Conseil Académique de l'Education nationale du 29 juin 2016

June 29, 2016

Déclaration liminaire

Ce CAEN se tient le lendemain du jour où nous avons déposé le résultat de la votation citoyenne sur la loi « travail ». Sans surprise pour nous, la population s'est largement exprimée contre cette loi. Il faut que le gouvernement cesse son acharnement à vouloir passer en force et entre enfin en négociation avec les organisations syndicales. Si la CGT porte l’exigence du retrait du projet gouvernemental, les points majeurs du blocage étant a minima les 5 articles qui constituent l’ossature du texte, c'est qu'elle porte des propositions pour un code du travail du 21ème siècle, porteur de progrès social. Le gouvernement préfère s'enfoncer dans un autoritarisme hallucinant, allant jusqu'à vouloir interdire une manifestation syndicale ! Il est responsable du climat très violent actuel : la CGT demande à ce que la raison revienne !

 

Concernant la réforme territoriale. Nous souhaitons qu'un point complet soit fait dans un prochain CAEN à la rentrée. Ce sera le bon moment puisque la Recteure Régionale aura publié depuis le 1er juillet son arrêté fixant ses priorités éducatives pour la Région. Le CAEN est le lieu adapté pour une telle discussion et nous souhaitons d'ailleurs qu'il gagne en importance, alors que cela a été souvent une instance négligée. Nous souhaitons que tous les sujets soient abordés : à la fois bien entendu la politique régionale qui sera menée par l'autorité régionale académique mais également la politique menée par la Région. Concernant les rapports avec la Région : nous souhaitons que le CAEN puisse devenir réellement un lieu où elle échange de manière constructive avec les représentant-e-s des personnels. Par exemple, nous demandons qu'un CAEN soit consacré à des échanges sur la politique sur les dotations de fonctionnement dans les EPLE.


 

Concernant la préparation de la rentrée 2016

L'académie de Montpellier bénéficie de la création 300 ETP dans le premier degré et de 180 ETP dans le second degré pour la rentrée 2016. C'est, bien entendu une bonne nouvelle car cela remet en cause un cycle négatif. Mais cela reste insuffisant car la hausse démographique absorbe en grande partie ces créations et car cela ne rattrape pas les pertes des années 2007/2012.

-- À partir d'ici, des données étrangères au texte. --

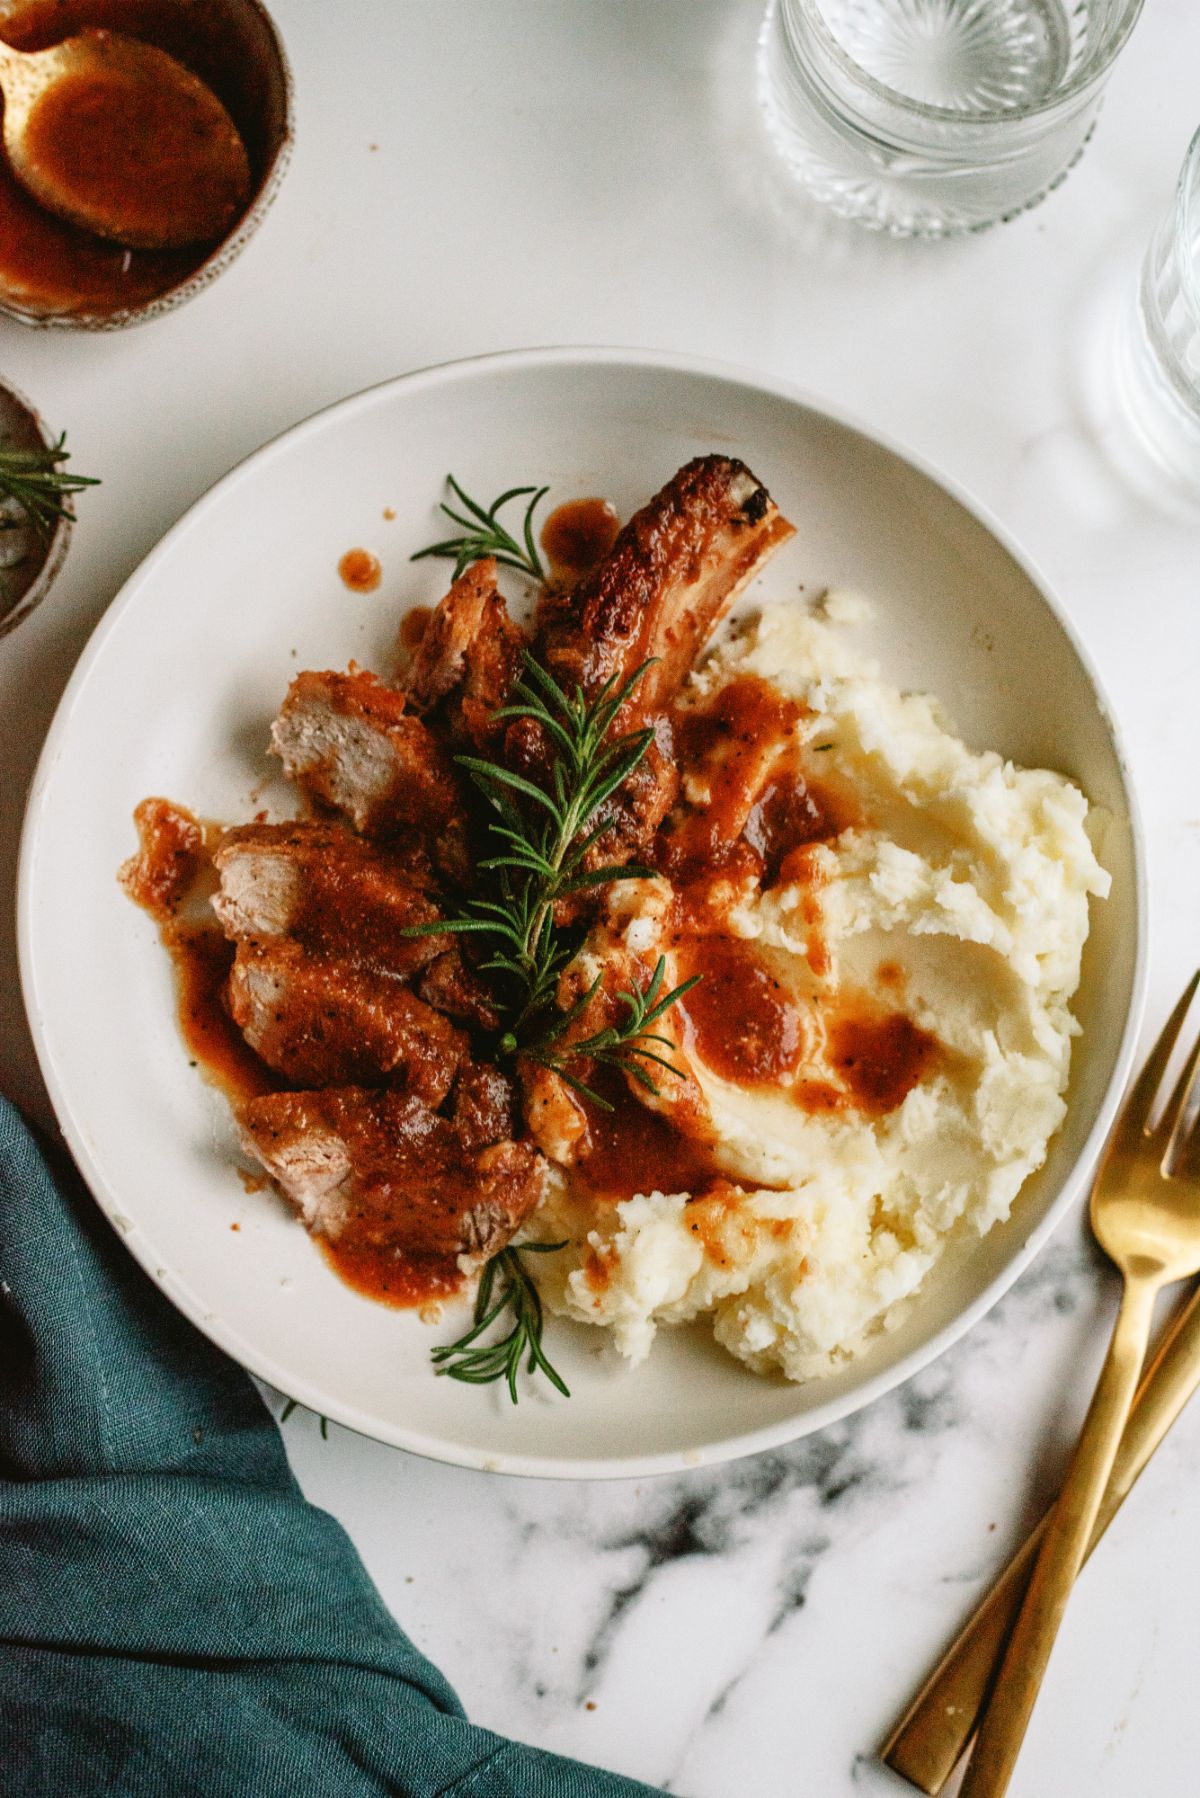 Instant Pot Cranberry Pork Chops sliced and served with mashed potatoes
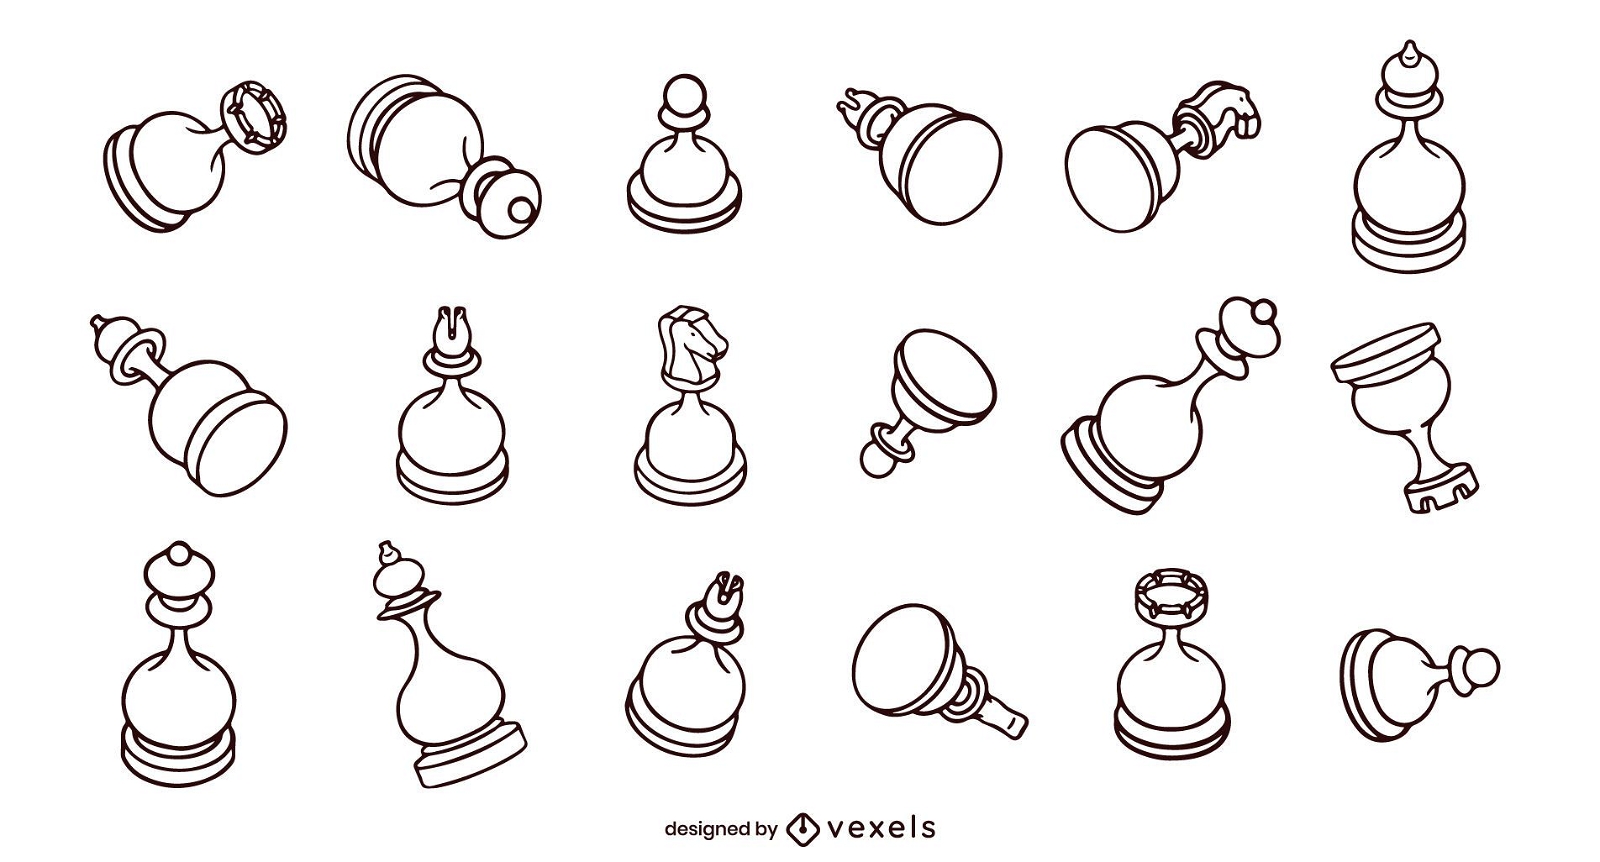 Rounded chess pieces set stroke

Cette préparation de la rentrée 2016 permet aussi de faire un point sur la politique éducative depuis 2012. La priorité donnée à l'Education aura été une fiction puisque même la loi dite de refondation n'en aura pas été une se contentant de reprendre les politiques précédentes. Nous insisterons sur la réforme du collège, qu'une majorité de personnels continue à rejeter. Si la CGT demande le retrait de cette réforme, c'est parce qu'elle considère que cette réforme va aggraver le tri social et les inégalités. Notre exigence est donc celle de l'ouverture de nouvelles discussions pour une autre réforme du collège. La CGT s'oppose à la mise en concurrence des établissements et des disciplines. La démocratisation du collège passe par l'abandon du Socle ainsi que par une politique ambitieuse, en termes de moyens et de pédagogies permettant la construction collective d'une culture commune en rupture avec la vision élitiste de l'École. Le collège doit être le pivot d'une École émancipatrice, obligatoire de 3 à 18 ans.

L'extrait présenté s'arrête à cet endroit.